------ Data for processing ------

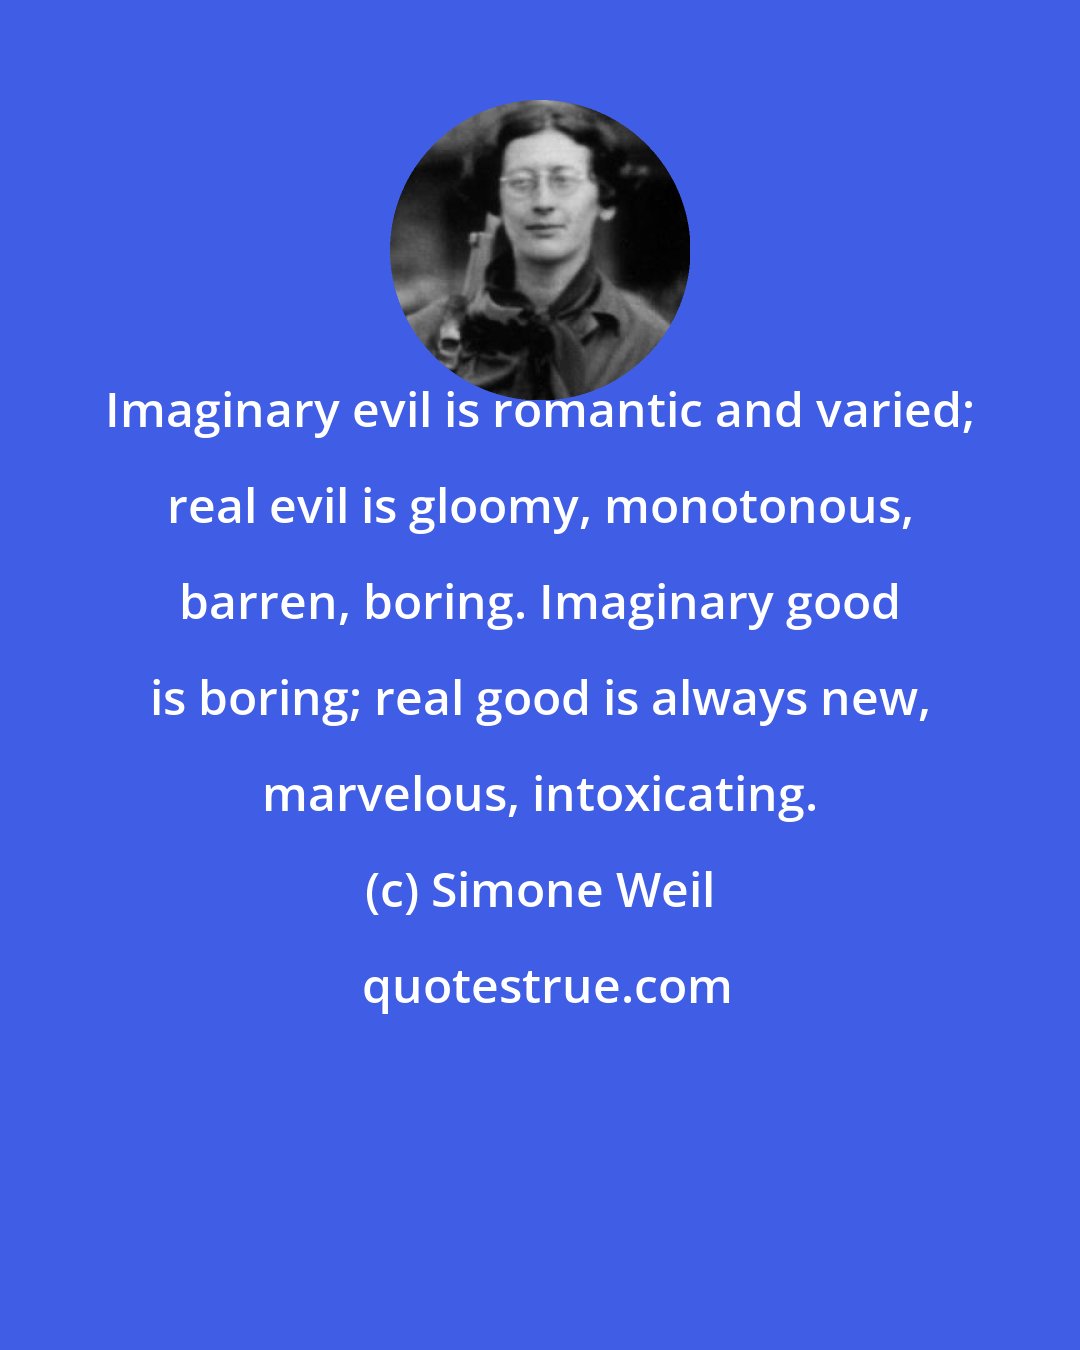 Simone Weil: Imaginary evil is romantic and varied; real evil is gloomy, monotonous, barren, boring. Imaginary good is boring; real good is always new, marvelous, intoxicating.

------
------ Data for processing ------

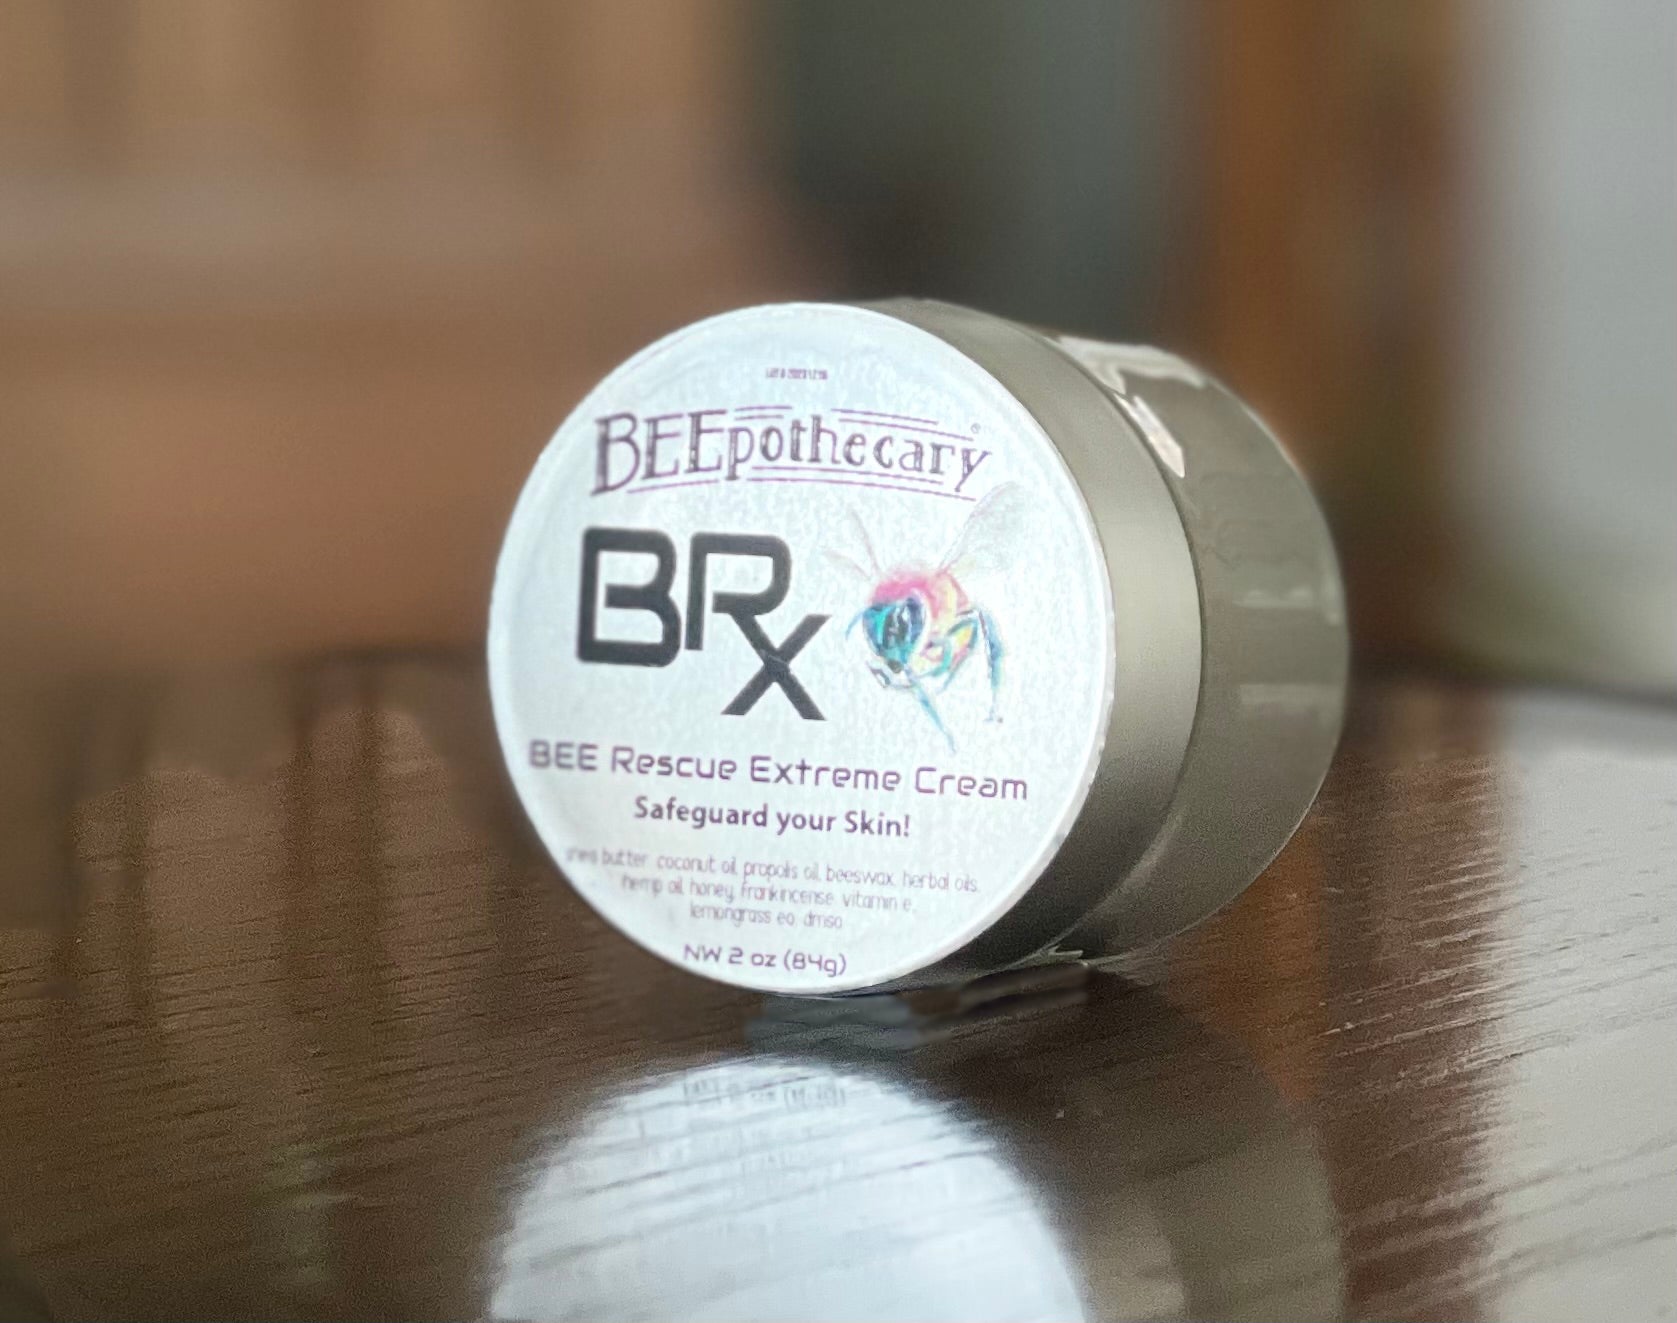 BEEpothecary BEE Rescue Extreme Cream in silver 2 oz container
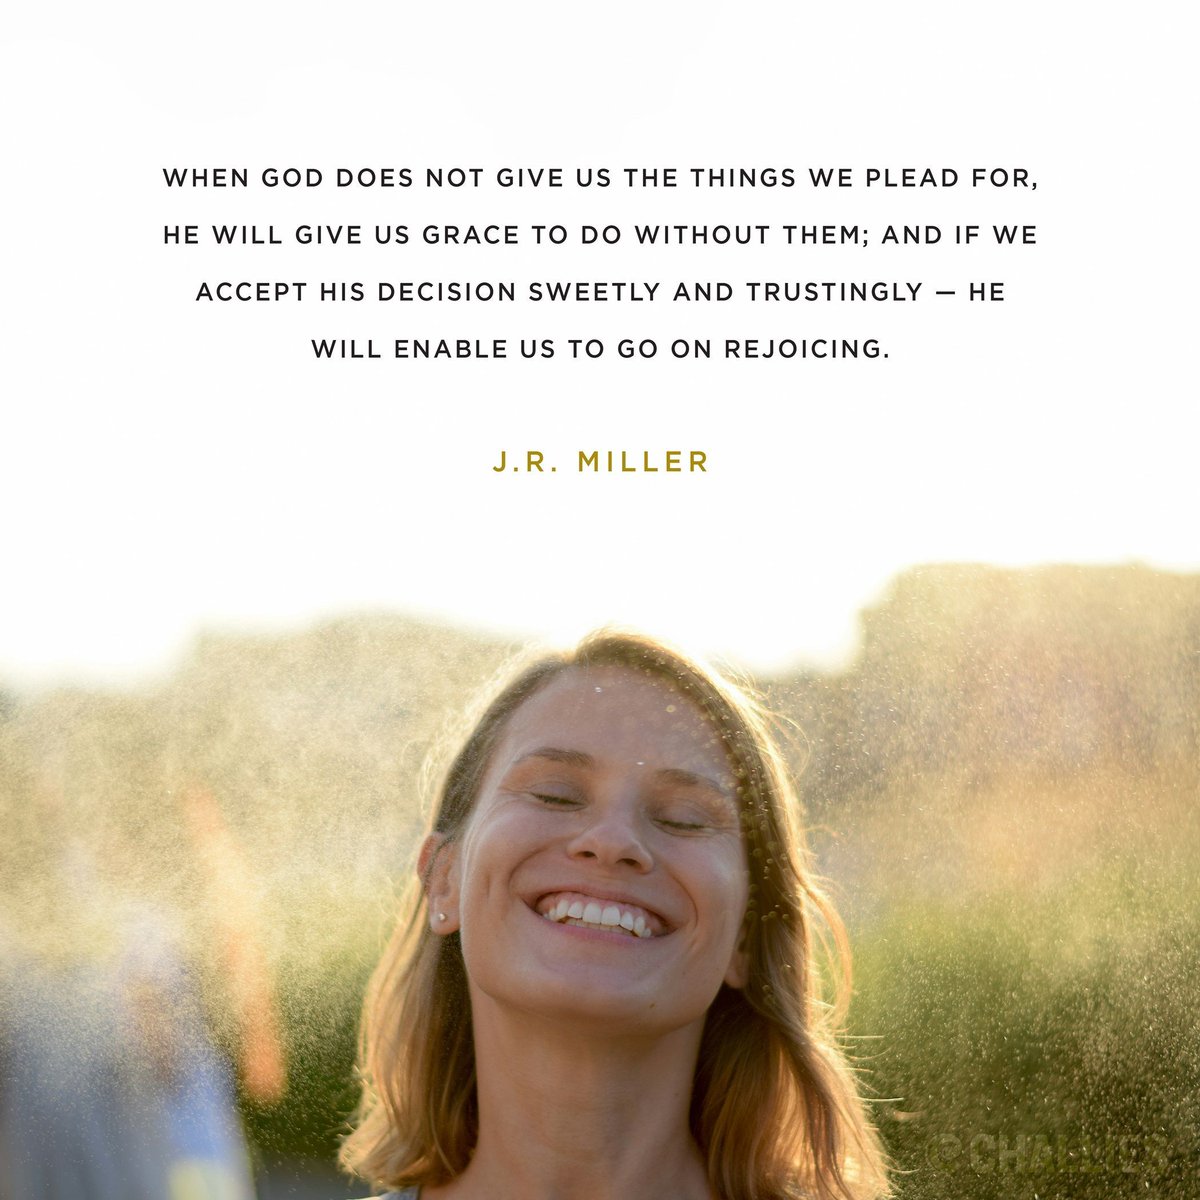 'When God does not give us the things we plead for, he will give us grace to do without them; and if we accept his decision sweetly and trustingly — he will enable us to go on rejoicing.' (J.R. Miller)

------

From the entries above, copy exactly the lines starting at the one with "BEEpothecary BEE Rescue" and stopping at the one with "rejoicing.' (J.R. Miller)", keeping both ends. Drop the pictures.

Response area:
 BEEpothecary BEE Rescue Extreme Cream in silver 2 oz container
 'When God does not give us the things we plead for, he will give us grace to do without them; and if we accept his decision sweetly and trustingly — he will enable us to go on rejoicing.' (J.R. Miller)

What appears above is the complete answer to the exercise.